-- WHAT YOU WILL DO --
Your answer must be a word-for-word copy of the listing, with all pictures excluded.

(SUPPLIED INFORMATION begins)

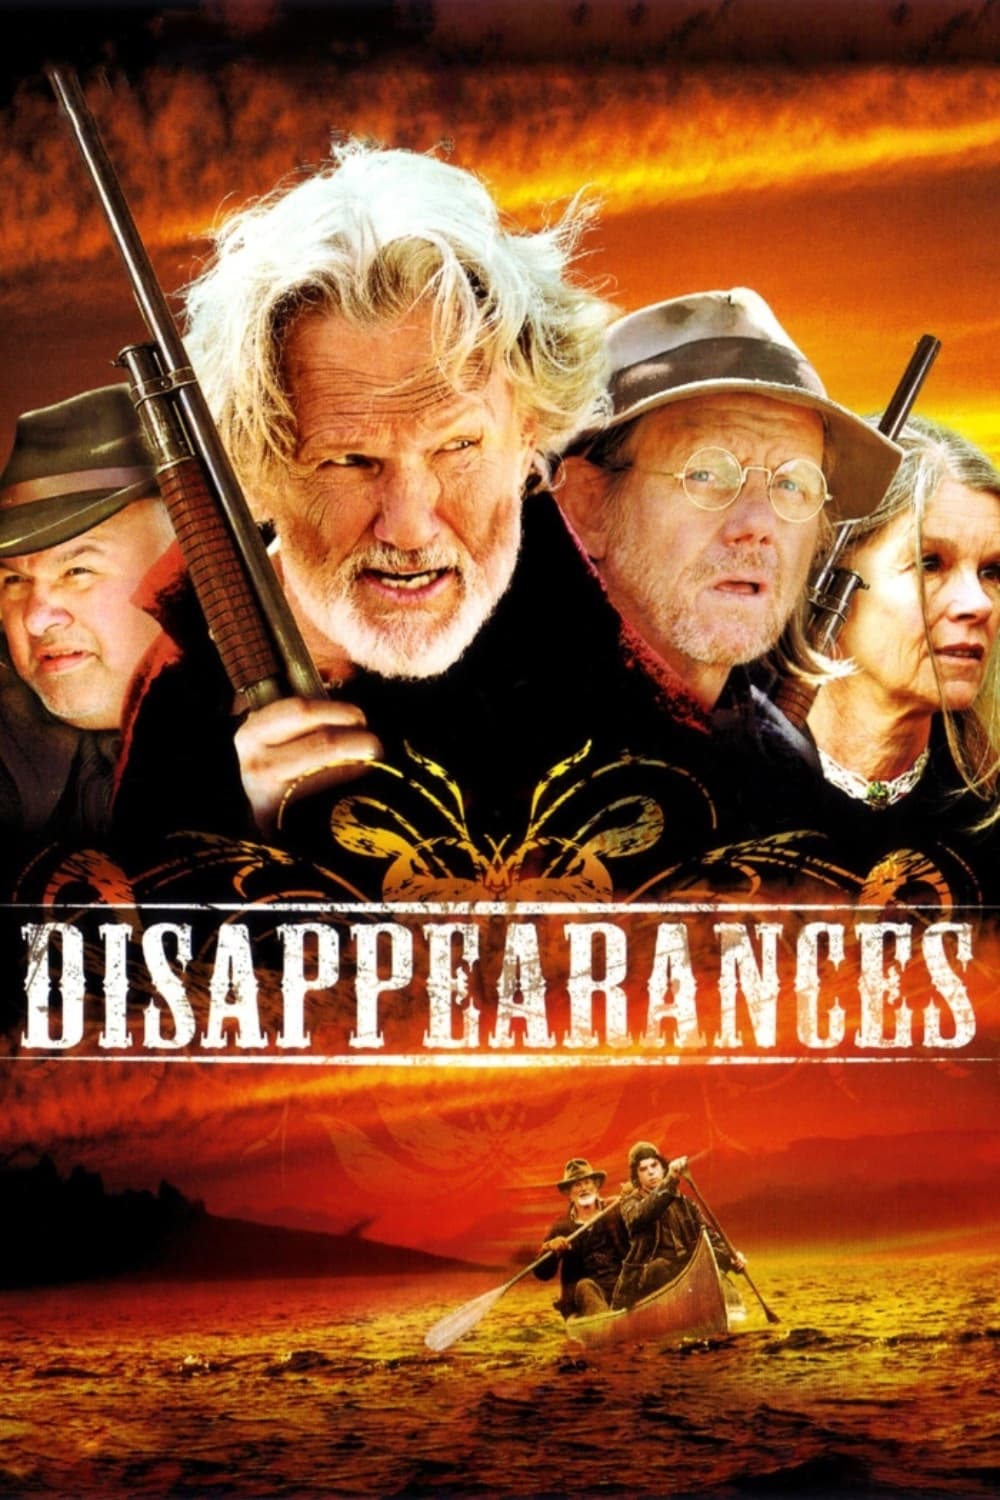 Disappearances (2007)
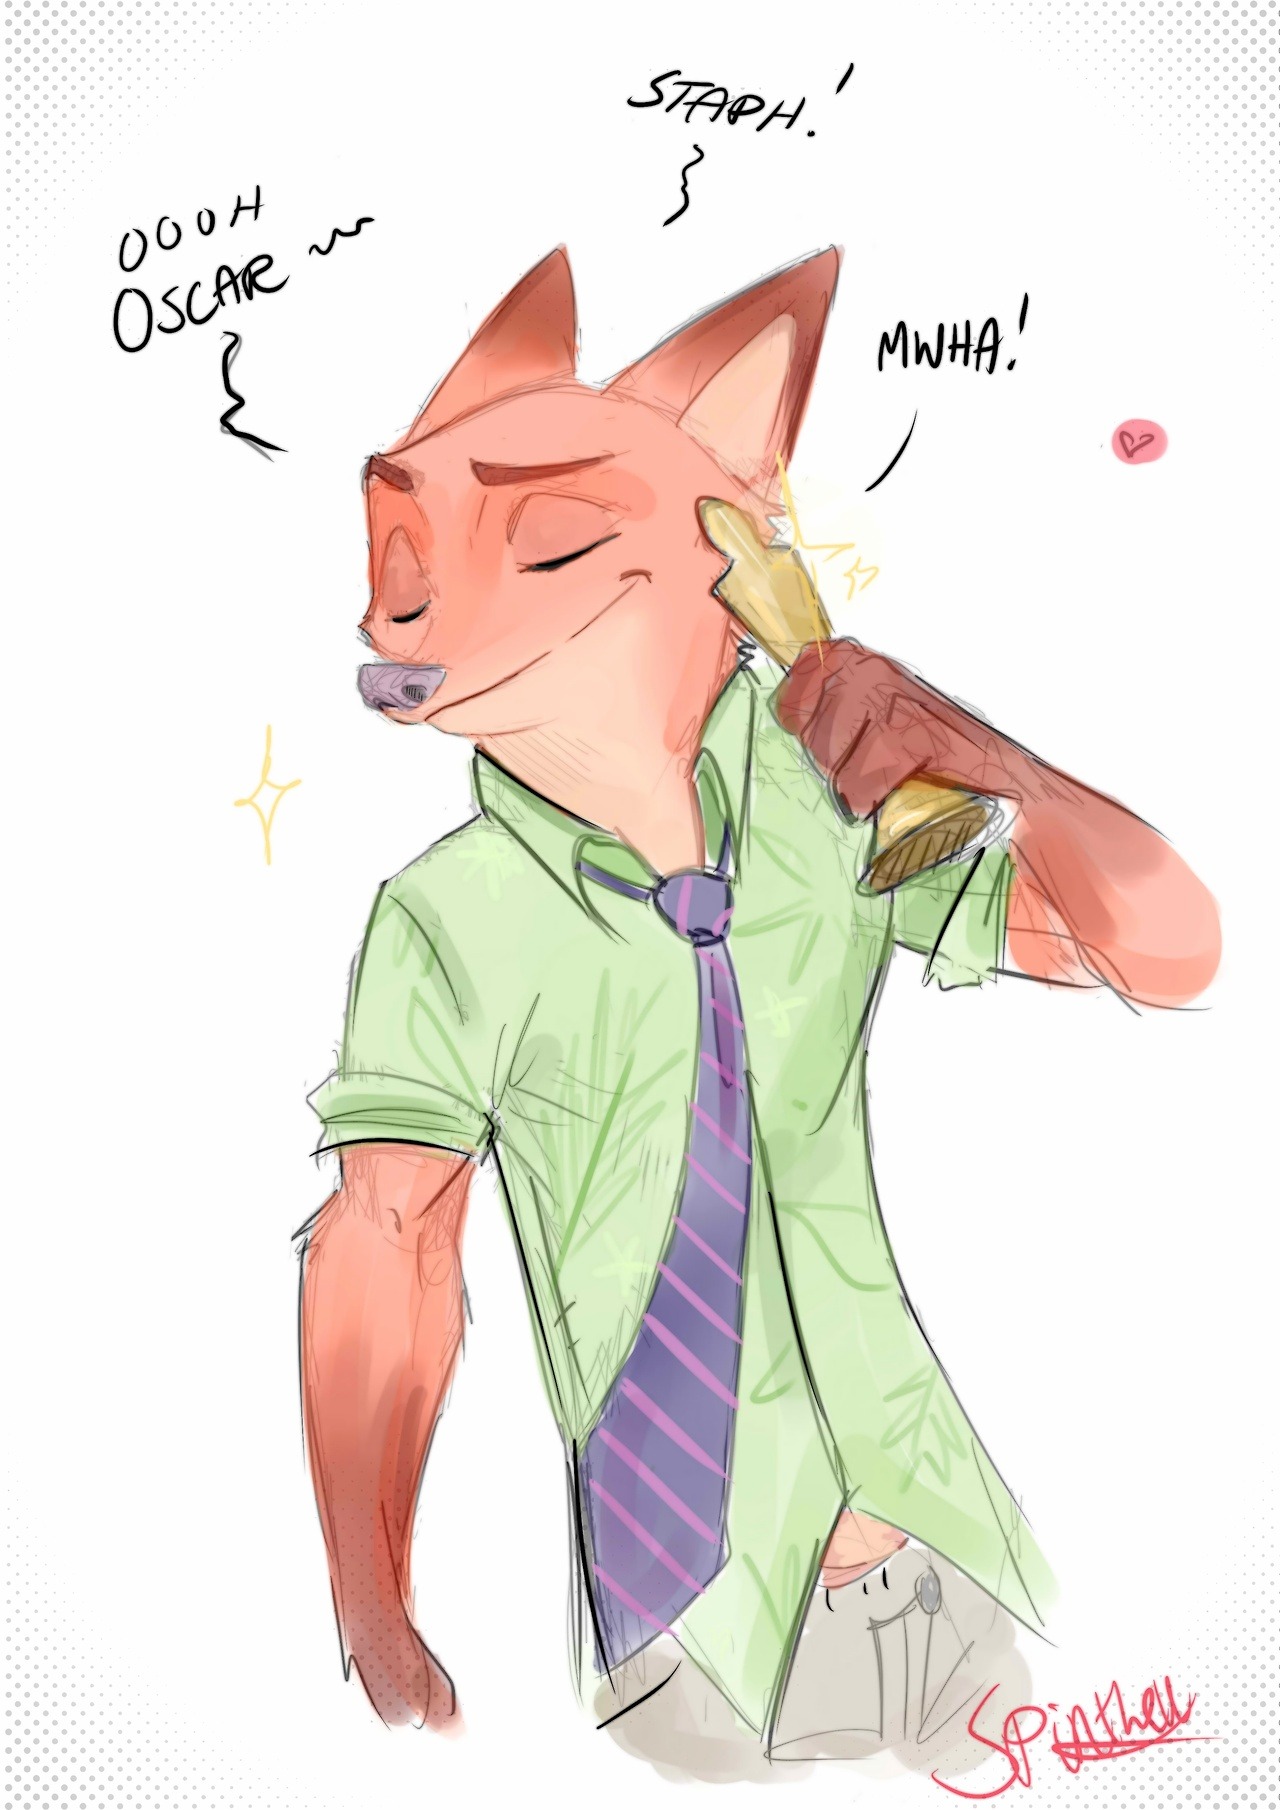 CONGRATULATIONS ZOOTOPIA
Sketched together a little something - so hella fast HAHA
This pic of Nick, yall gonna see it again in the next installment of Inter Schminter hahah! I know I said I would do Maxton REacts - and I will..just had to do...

(SUPPLIED INFORMATION ends)

-- ANSWER FOR THIS EXERCISE --
 Disappearances (2007)
 CONGRATULATIONS ZOOTOPIA
Sketched together a little something - so hella fast HAHA
This pic of Nick, yall gonna see it again in the next installment of Inter Schminter hahah! I know I said I would do Maxton REacts - and I will..just had to do...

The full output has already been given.